The shooting down of Admiral Yamamoto’s plane is a multi-layered affair, reaching up to the decision of the American president to kill the man who had organized and led the attack on Pearl Harbor.
The reason that the American interception of his plane needed presidential authority is that the intelligence of his movements came from so-called "MAGIC" intercepts, decoded Japanese transmissions.
Had the Japanese understood the significance of Yamamoto’s killing (how did the Americans know where he would be and when?), it might well have learned that the Americans had broken their intelligence and diplomatic codes.
Instead, the Americans went ahead with the attack against Yamamoto’s plane, as their anger about Pearl Harbor outweighed caution over revealing the presence of "MAGIC" intercepts.

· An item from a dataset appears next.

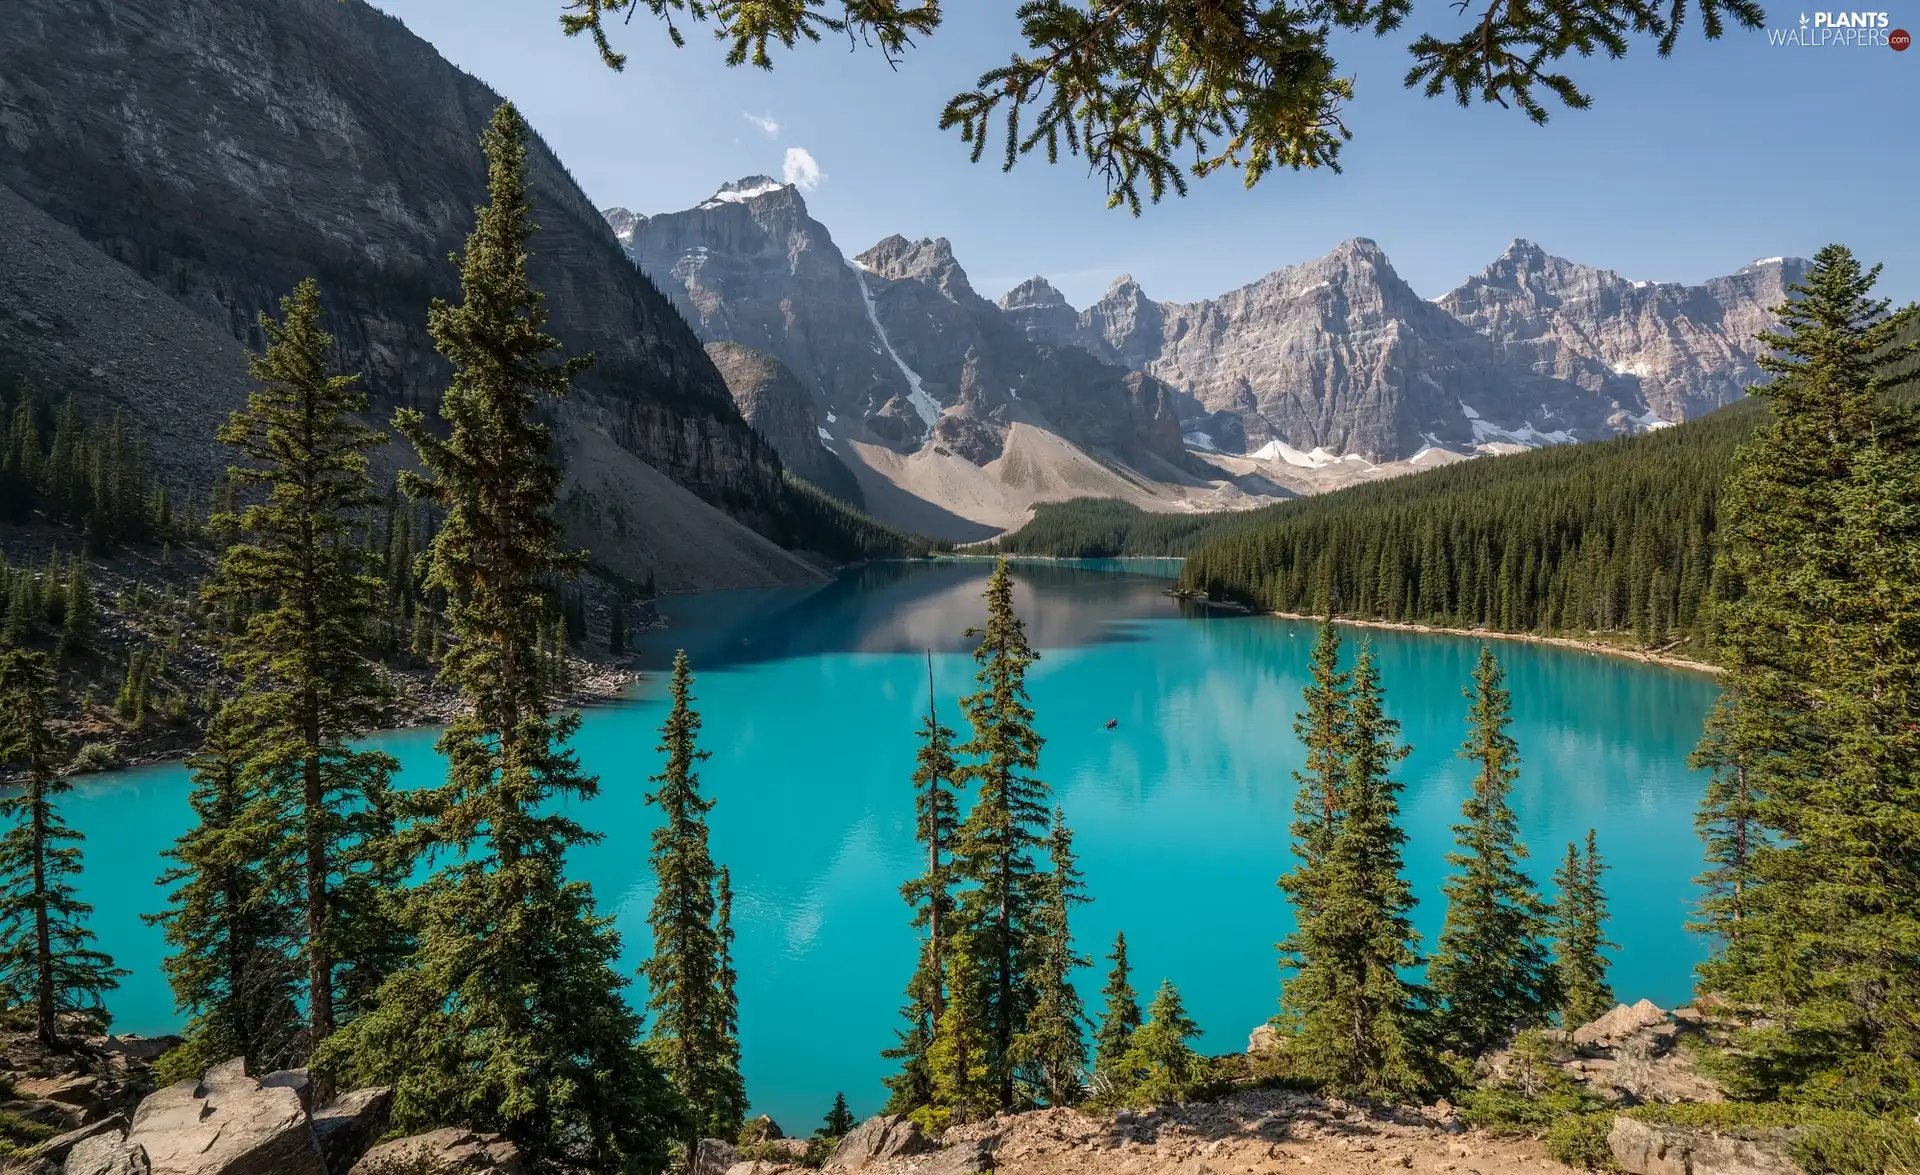 Banff National Park, Lake Moraine, Mountains, forest, viewes, Alberta, Canada, trees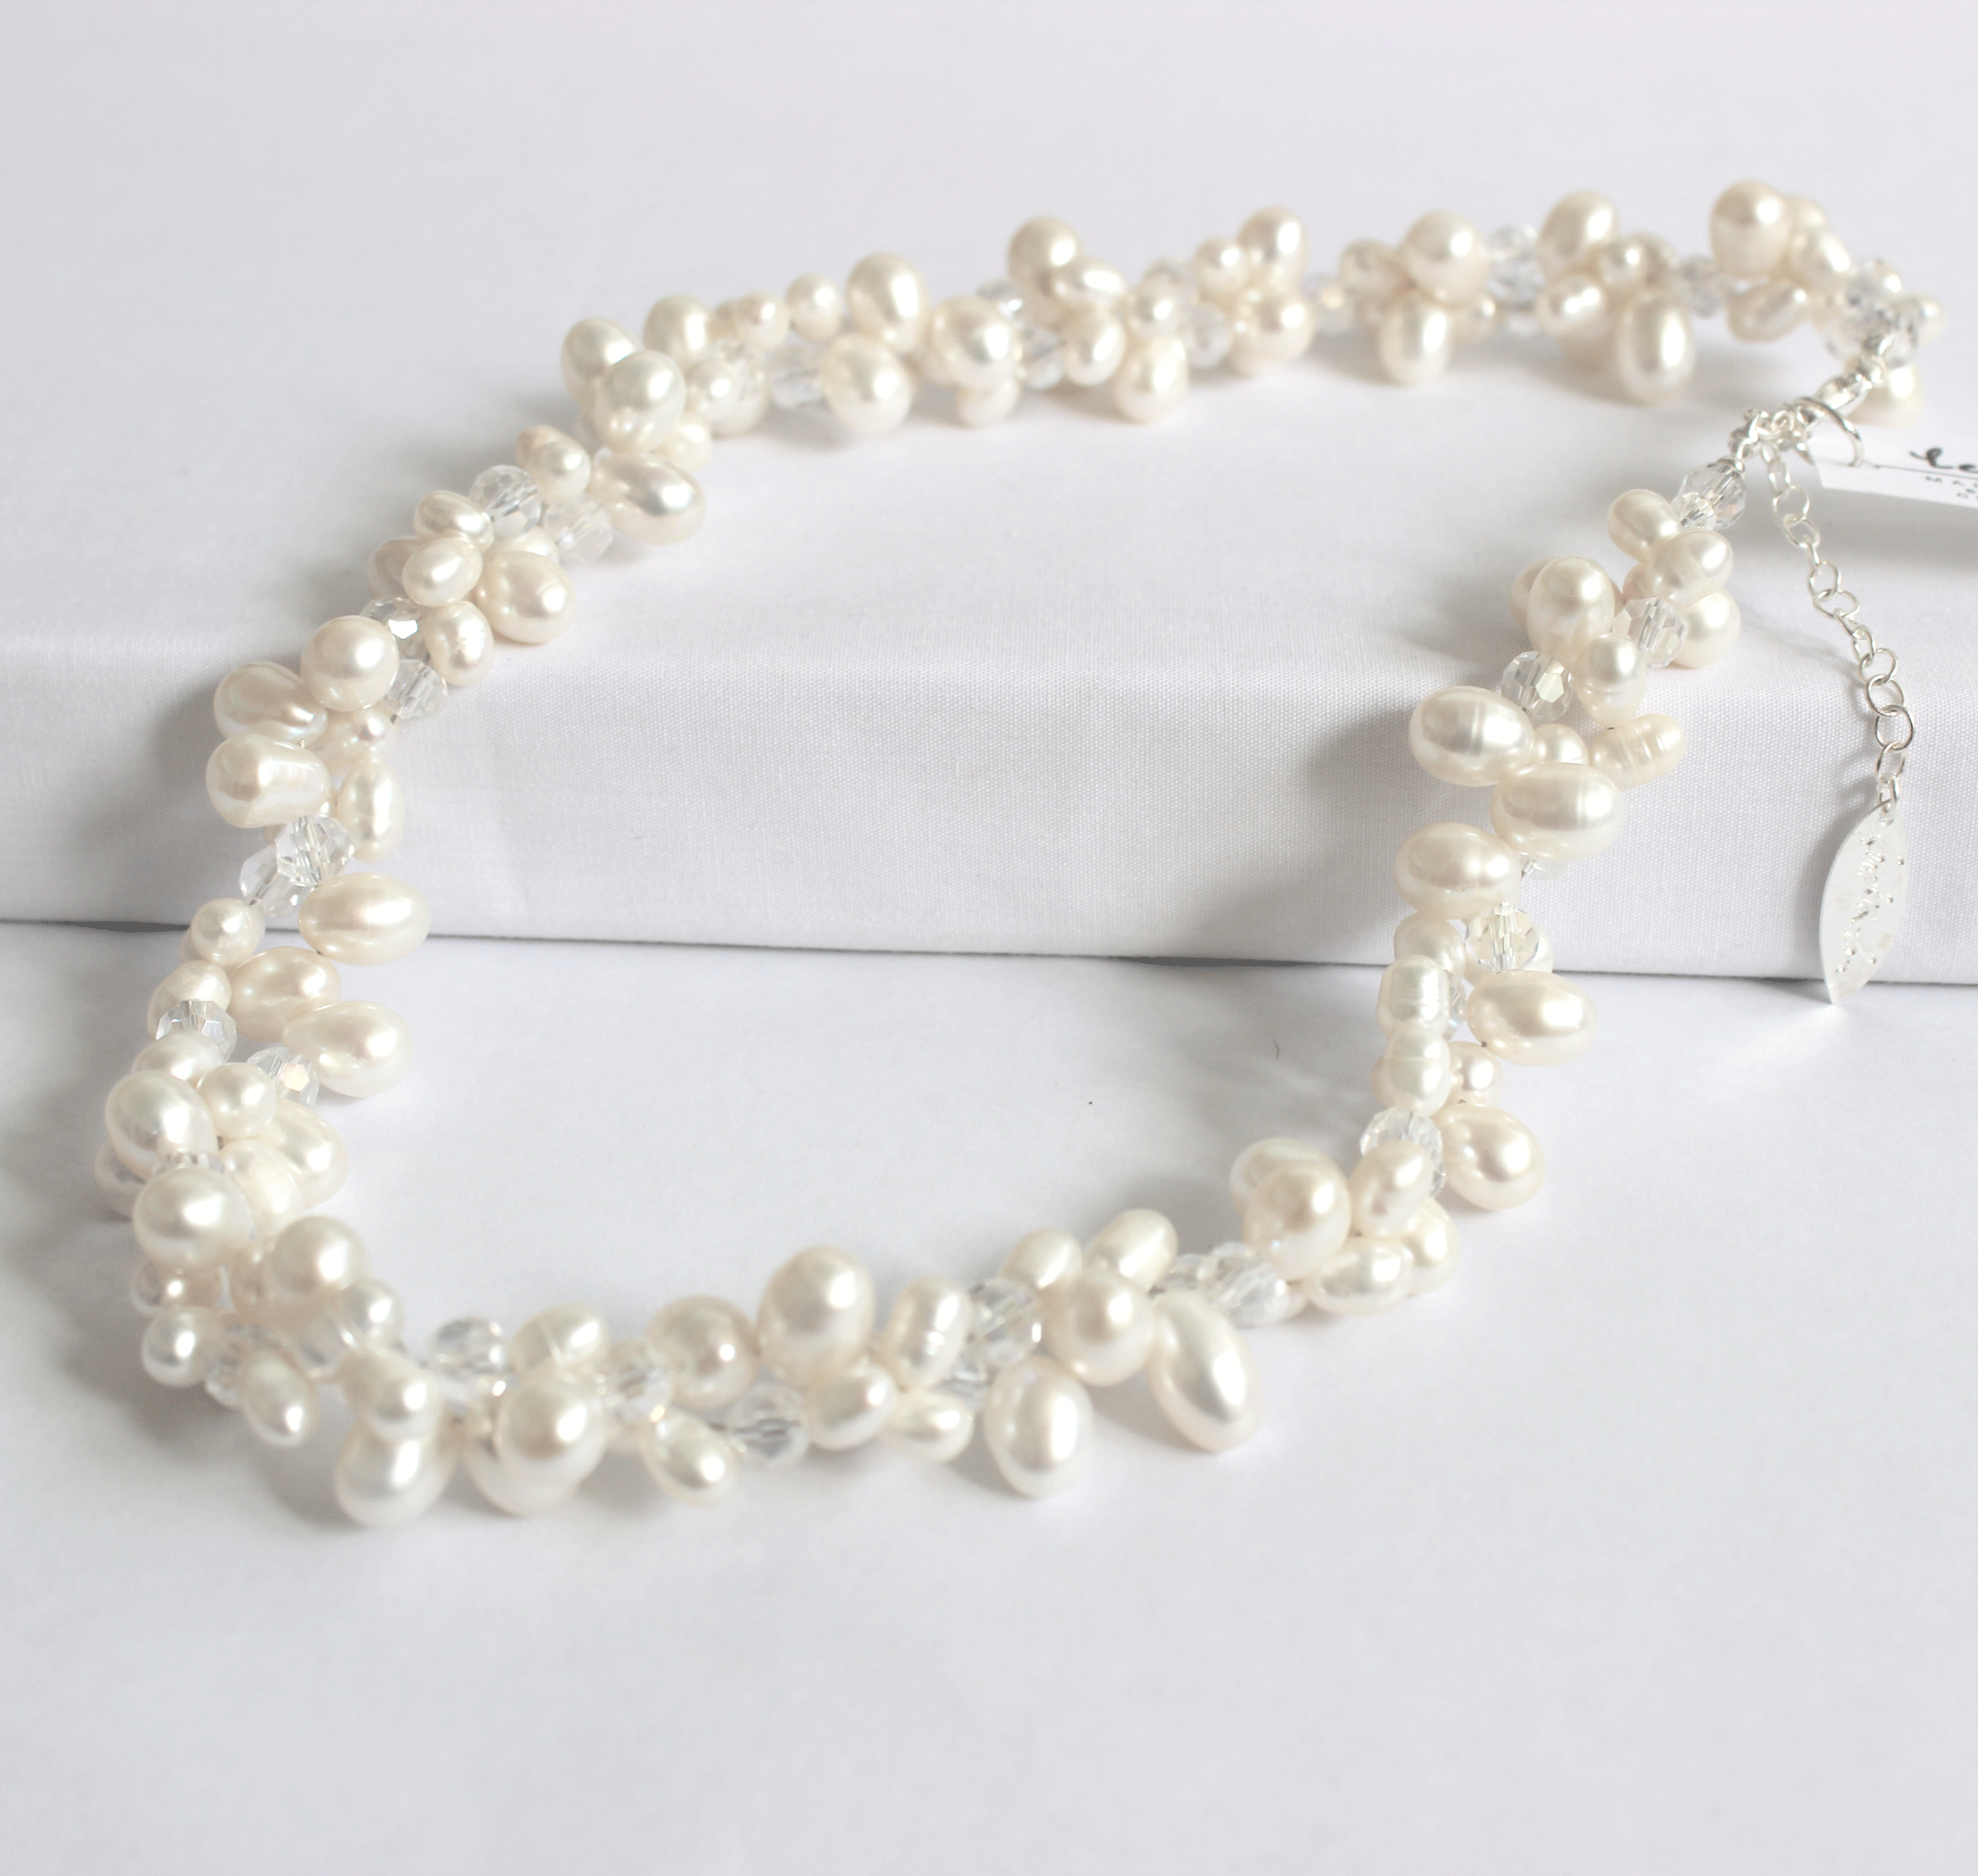 2-strand Freshwater Pearl Necklace - White

Ronald Lewin’s 1982 book "The American Magic, The: Codes, Ciphers and the Defeat of Japan" is an excellent introduction to this gripping story, and subsequent books have picked up Lewin’s history and taken it further.
Another footnote to the life of Admiral Yamamoto comes in "The Reluctant Admiral: Yamamoto and the Imperial Navy" by Hiroyuki Agawa, a spellbinding biography of the Japanese naval commander that makes the point that while, yes, he did plan and execute the attack on Pearl Harbor, Yamamoto was opposed to war with the United States, a country he admired. In killing him in 1943, the Americans took out a senior Japanese naval commander who had lived and worked in the United States. Agawa’s book is available in paperback via Amazon and belongs in any WWII library, as do his novels about Japan during the war years.
A Japanese dual 25 mm Type 96 AA gun stands at the bunker.